> _Work item_
Without the pictures, give the listing below again exactly.

> _Given material_

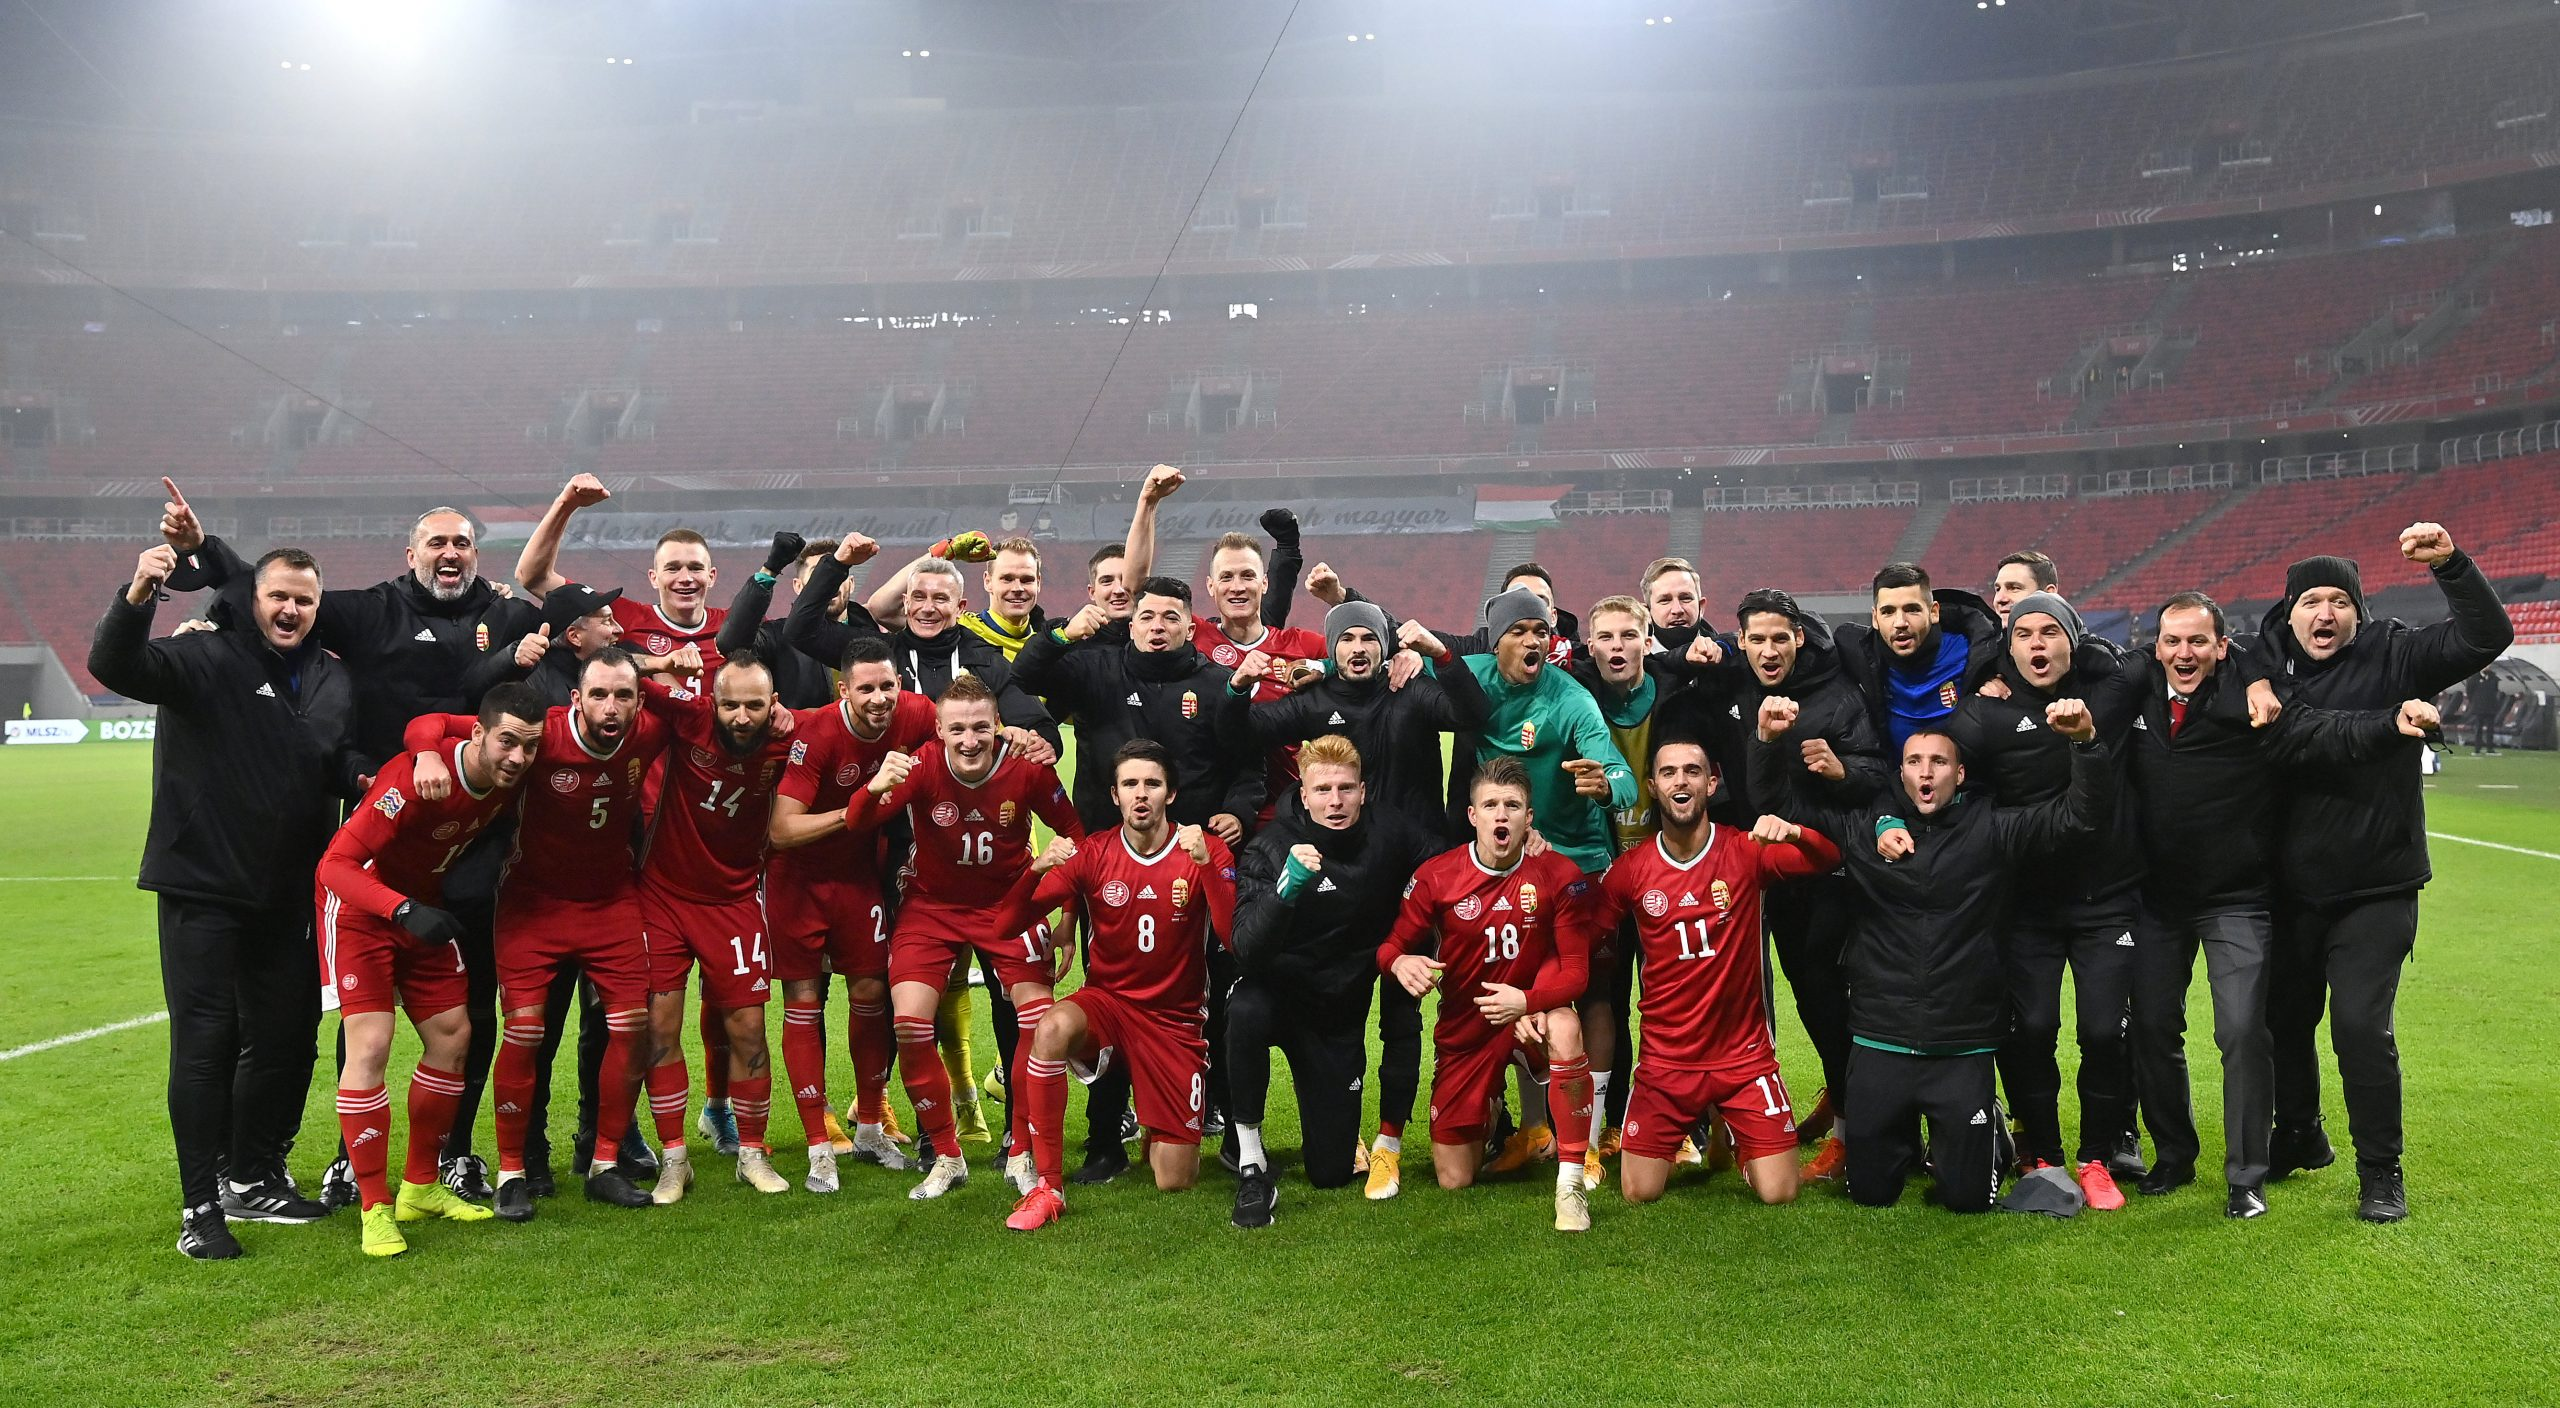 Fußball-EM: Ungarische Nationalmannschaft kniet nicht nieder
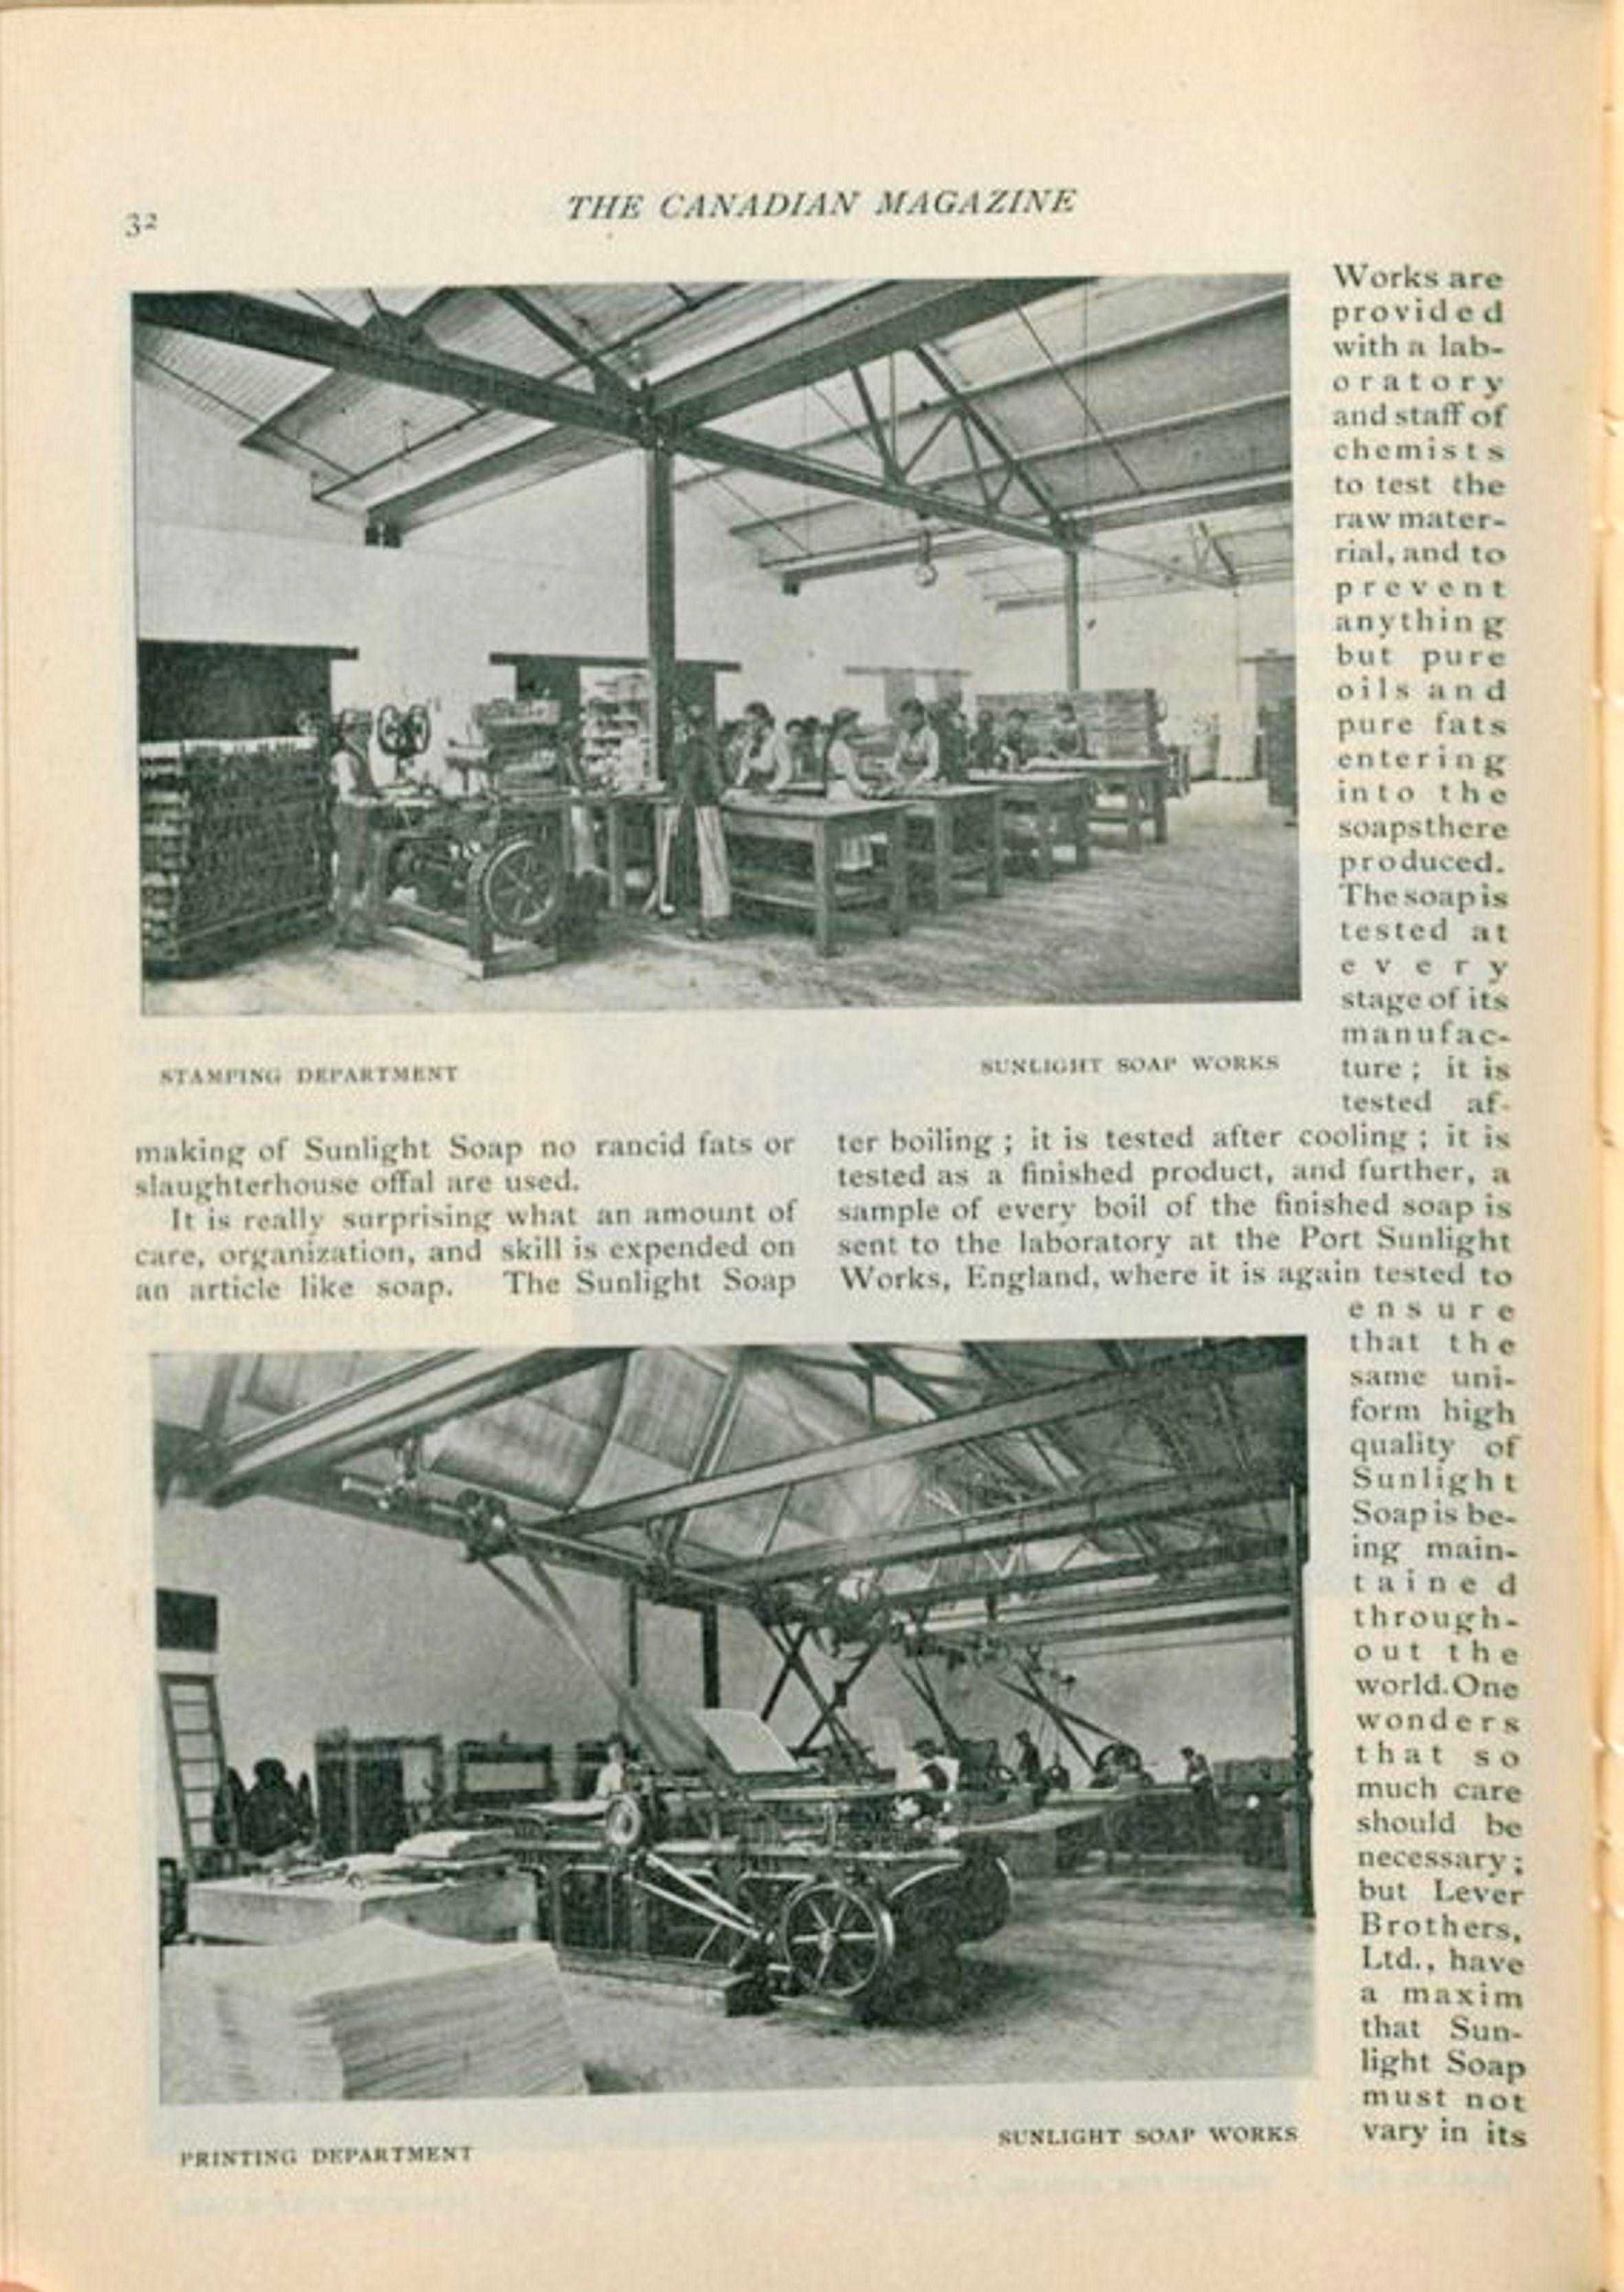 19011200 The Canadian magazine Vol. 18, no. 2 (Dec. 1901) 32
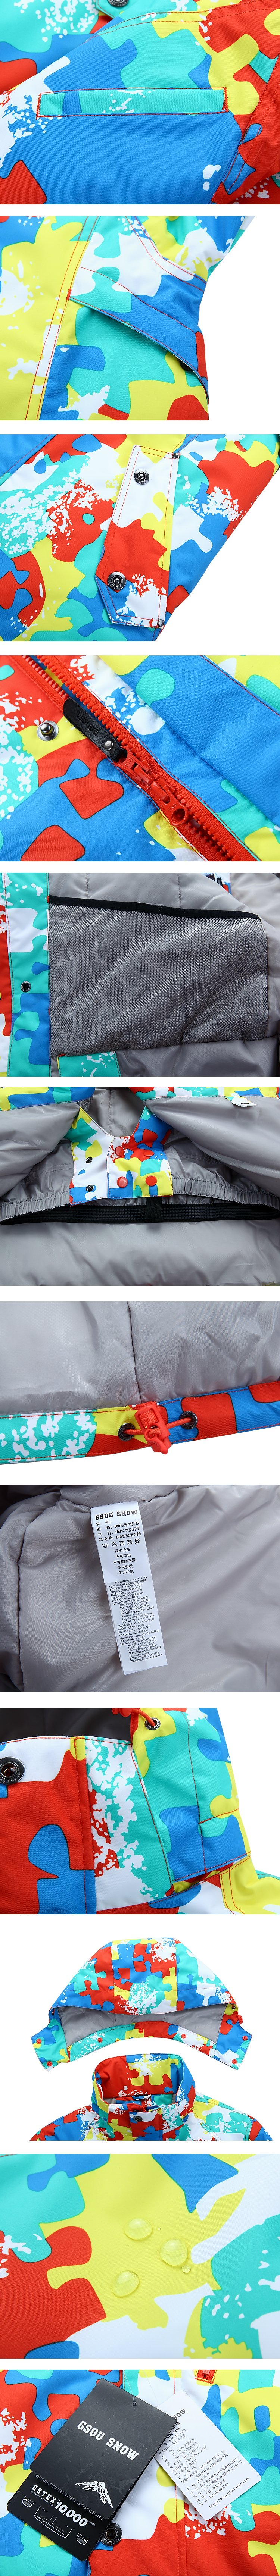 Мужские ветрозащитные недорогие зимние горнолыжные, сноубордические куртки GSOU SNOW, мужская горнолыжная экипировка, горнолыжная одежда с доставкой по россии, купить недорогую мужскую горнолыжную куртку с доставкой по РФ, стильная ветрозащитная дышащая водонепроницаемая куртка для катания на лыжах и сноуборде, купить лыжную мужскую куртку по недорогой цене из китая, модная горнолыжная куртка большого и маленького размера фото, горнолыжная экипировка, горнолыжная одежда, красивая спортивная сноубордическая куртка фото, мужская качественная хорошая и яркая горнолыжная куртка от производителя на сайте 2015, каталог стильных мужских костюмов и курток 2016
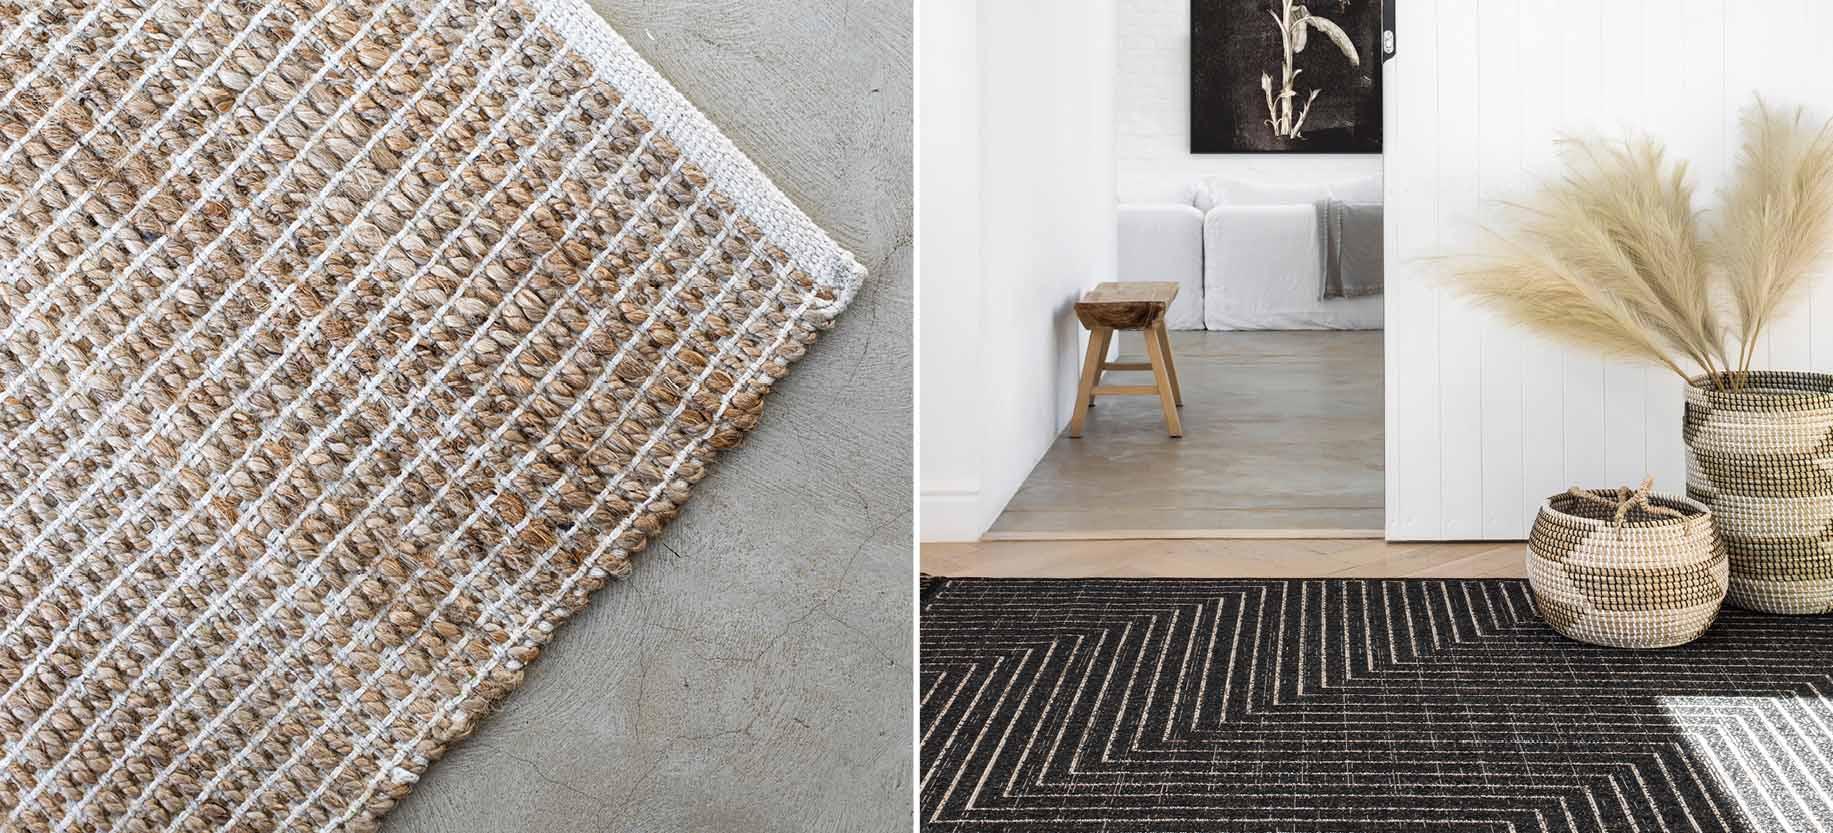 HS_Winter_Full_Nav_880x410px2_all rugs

> _Task result_
 Fußball-EM: Ungarische Nationalmannschaft kniet nicht nieder
 19011200 The Canadian magazine Vol. 18, no. 2 (Dec. 1901) 32
 Мужские ветрозащитные недорогие зимние горнолыжные, сноубордические куртки GSOU SNOW, мужская горнолыжная экипировка, горнолыжная одежда с доставкой по россии, купить недорогую мужскую горнолыжную куртку с доставкой по РФ, стильная ветрозащитная дышащая водонепроницаемая куртка для катания на лыжах и сноуборде, купить лыжную мужскую куртку по недорогой цене из китая, модная горнолыжная куртка большого и маленького размера фото, горнолыжная экипировка, горнолыжная одежда, красивая спортивная сноубордическая куртка фото, мужская качественная хорошая и яркая горнолыжная куртка от производителя на сайте 2015, каталог стильных мужских костюмов и курток 2016
 HS_Winter_Full_Nav_880x410px2_all rugs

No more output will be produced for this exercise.